Virtualization Performance

VMware Sets Performance Record with SPECweb2005 Result

Introduction

We just published the largest SPECweb2005 score to date on a 16 core server. The benchmark was run on an HP ProLiant DL585 G5 with four Quad-Core AMD 8382 OpteronTM processors.  This record score of 44,000 includes an Ecommerce component demonstrating 69,525 concurrent connections.  In the Support component, this single-host workload drove network throughput on the server to just under 16 Gb/s.

This once again proves the capabilities of the VI3 platform and its ability to service workloads with stringent Quality of Service (QoS) requirements along with a large storage and networking footprint. With continuous advancements in virtualization technology (such as hardware assist for MMU virtualization and NetQueue support for 10 Gigabit Ethernet) performance with the VI3 platform can meet the needs of the most demanding, high traffic web sites.

While record-setting performance of web servers proves the capabilities of ESX, the real story of web server virtualization is the gains due to web farm consolidation and improved flexibility.
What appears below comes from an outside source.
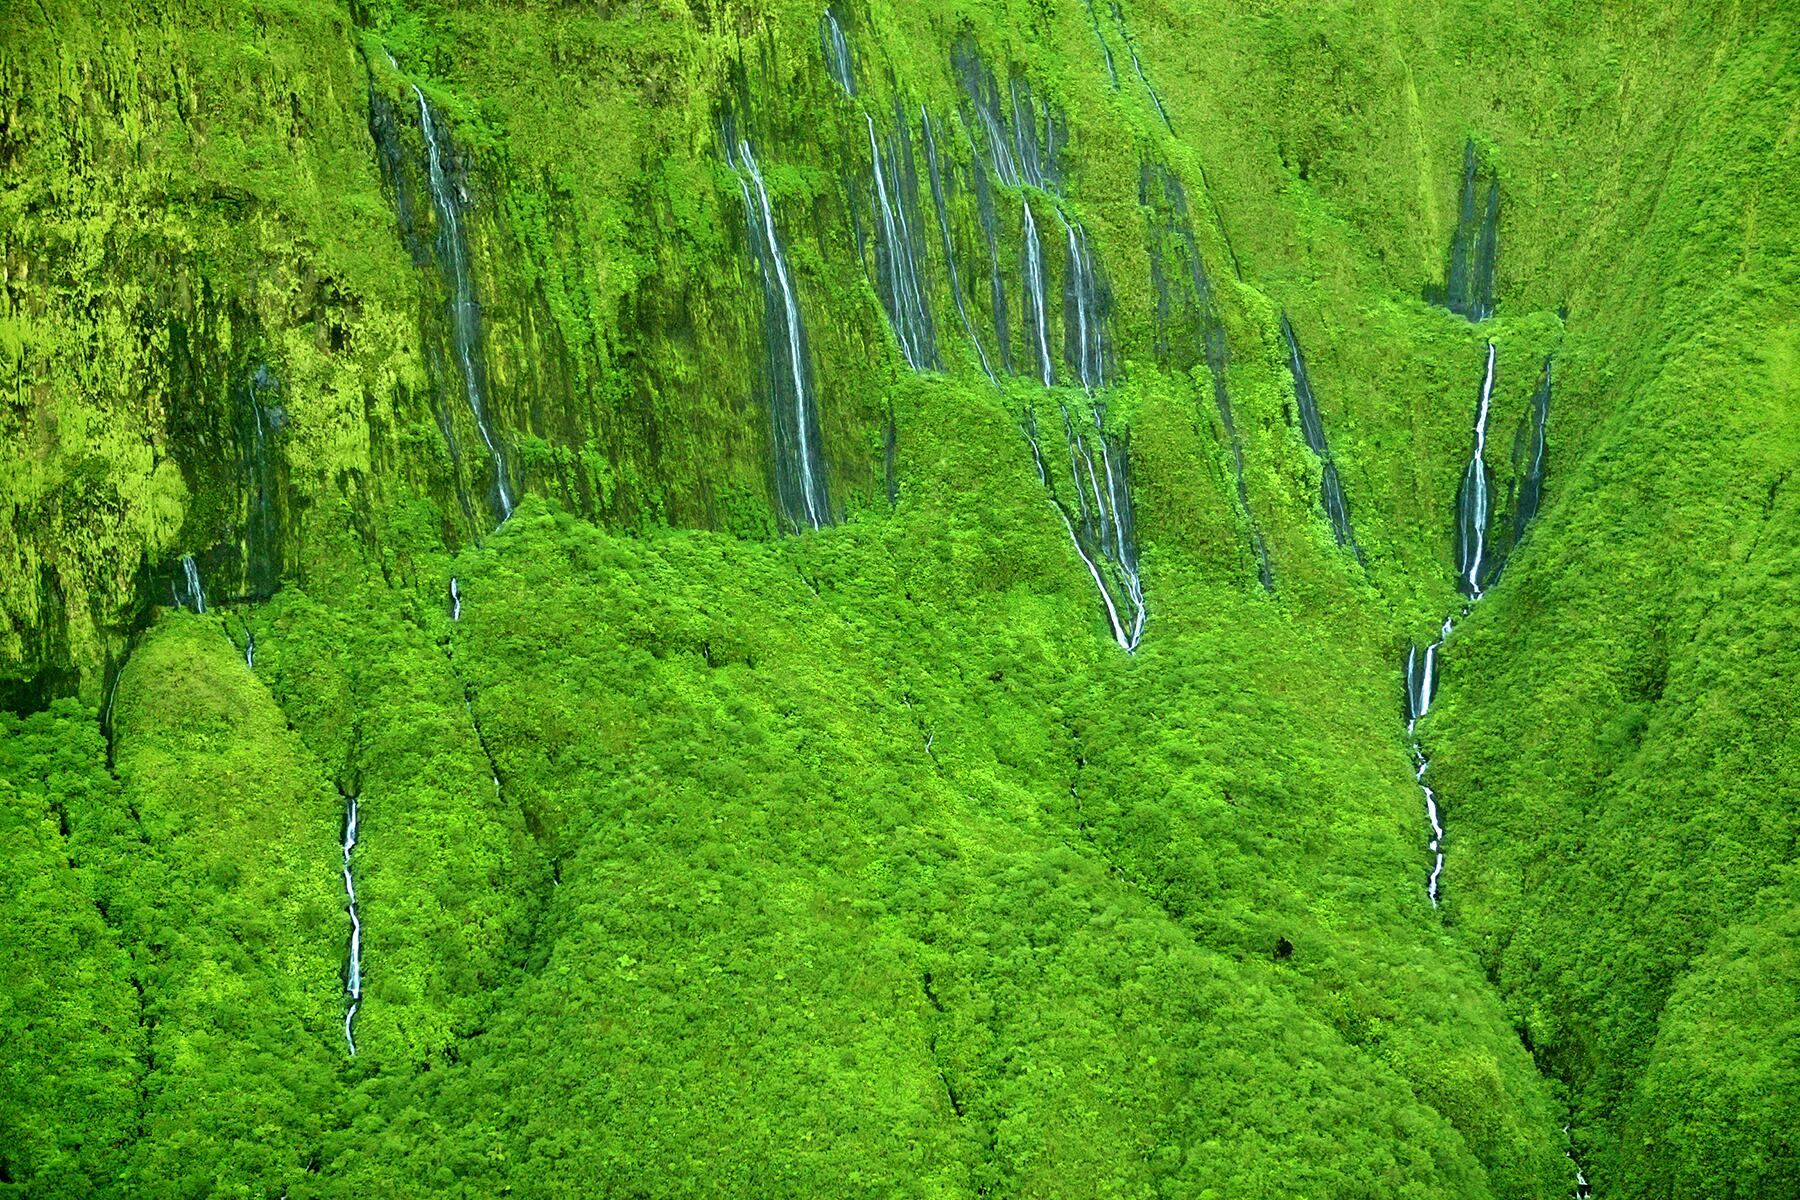 <a href='https://www.fodors.com/world/north-america/usa/hawaii/big-island/experiences/news/photos/18-ultimate-things-to-do-on-hawaiis-big-island#'>From &quot;25 Ultimate Things to Do on Hawaii’s Big Island: Hover by Helicopter Along a Sheer 3,000-Foot Valley Wall&quot;</a>

Infrastructure serving as the web front end today is designed around hundreds or even thousands of often underutilized two and four core servers.  Consolidation of these servers onto modern systems with multi-core CPUs reduces costs, simplifies management and eases power and cooling demands. Consolidating web servers makes business sense. This SPECweb2005 result from VMware has shown that the ESX Server can handle loads much more extreme than anticipated in such a consolidated environment.

The Benchmark

The SPECweb2005 benchmark consists of three workloads: Banking, Ecommerce, and Support, each with different workload characteristics representing common use cases for web servers. Each workload measures the number of simultaneous user sessions a web server can support while still meeting stringent quality-of-service and error-rate requirements. The aggregate metric reported by the SPECweb2005 benchmark is a normalized metric based on the performance scores obtained on all three workloads.

Component

Score

Explanation

Banking

80,000

Models online banking.  Represents number of customers accessing accounts at a given time that can be supported with acceptable QoS

E-commerce

69,525

Models online retail store. 69,525 is only 75 shy of the highest number reported, which required 50% more processing cores.

Support

33,000

Represents users acquiring patches and downloads from a support web site. In this test network throughput was 16Gb/s.

SPECweb2005 Score

44,000

Normalized metric from the three components.

Table 1.Results in SPECweb2005 submission.

 

Benchmark Configuration  

Hardware

HP ProLiant DL585 G5 with four Quad-Core AMD 8382 OpteronTM processors, 128 GB RAM.

Disk subsystem

Two EMC CLARiiON CX3-40 Fibre Channel SAN arrays, total of 110 * 133GB (15K RPM) spindles 

Network

Four Intel 10 Gigabit XF SR Server Adapters

Hypervisor

ESX Server 3.5 U3

Guest Operating system

RedHat Enterprise Linux 5 Update 1

Virtual hardware

1 vCPU, 8 GB memory, vmxnet virtual network adapter

Web Server Software

Rock Web Server v1.4.7, Rock JSP/Servlet Container v1.3.2

Client Systems

30 * Dell Poweredge 1950, Dual-socket Dual-core Intel Xeon, 8 GB

Workload

SPECweb2005

Table 2.Benchmark Configuration.

Performance Details
Here’s a quick look at what was accomplished with a single ESX host using SPECweb2005 workload.

Aggregate performance: The aggregate SPECweb2005 performance of 44,000 obtained on our 16-core virtual configuration is higher than any result ever recorded on a 16-core native system. 

Support performance: The support workload is the most I/O intensive of all the workloads. The file-set data used for the support workload was laid out on a little over 100 spindles and consisted of files varying in size ranging from 100 KB to 36 MB. In our test configuration, we used fifteen virtual machines that shared the underlying physical 10Gbps NICs. Together they supported over 33,000 concurrent support user sessions, and handled close to sixteen Gigabits per second web traffic on a single ESX host. 

Banking performance: This workload emulates online banking that transfers encrypted information using HTTPS. The file-set data used for the banking test was about 1.3 terabytes consisting of some eight million individual files of varied sizes. We laid out all this data in a single VMFS volume that spanned multiple LUNs. We used fifteen virtual machines that shared the same base image. Together, they supported 80,000 concurrent banking user sessions and handled 143,000 HTTP operations/second. 

Ecommerce performance: Of the three workloads, Ecommerce workload probably fits the profile of most customers. This is because unlike Banking, and Support workloads, this workload is a mixture of HTTP and HTTPS requests. The I/O characteristics fall in between Banking and Support workloads. In our test, ESX supported 69,525 concurrent Ecommerce user sessions on a 16-core server. Our result is the second highest E-commerce result ever published, which has only been bested by only another 75 sessions on a system with 50% more cores.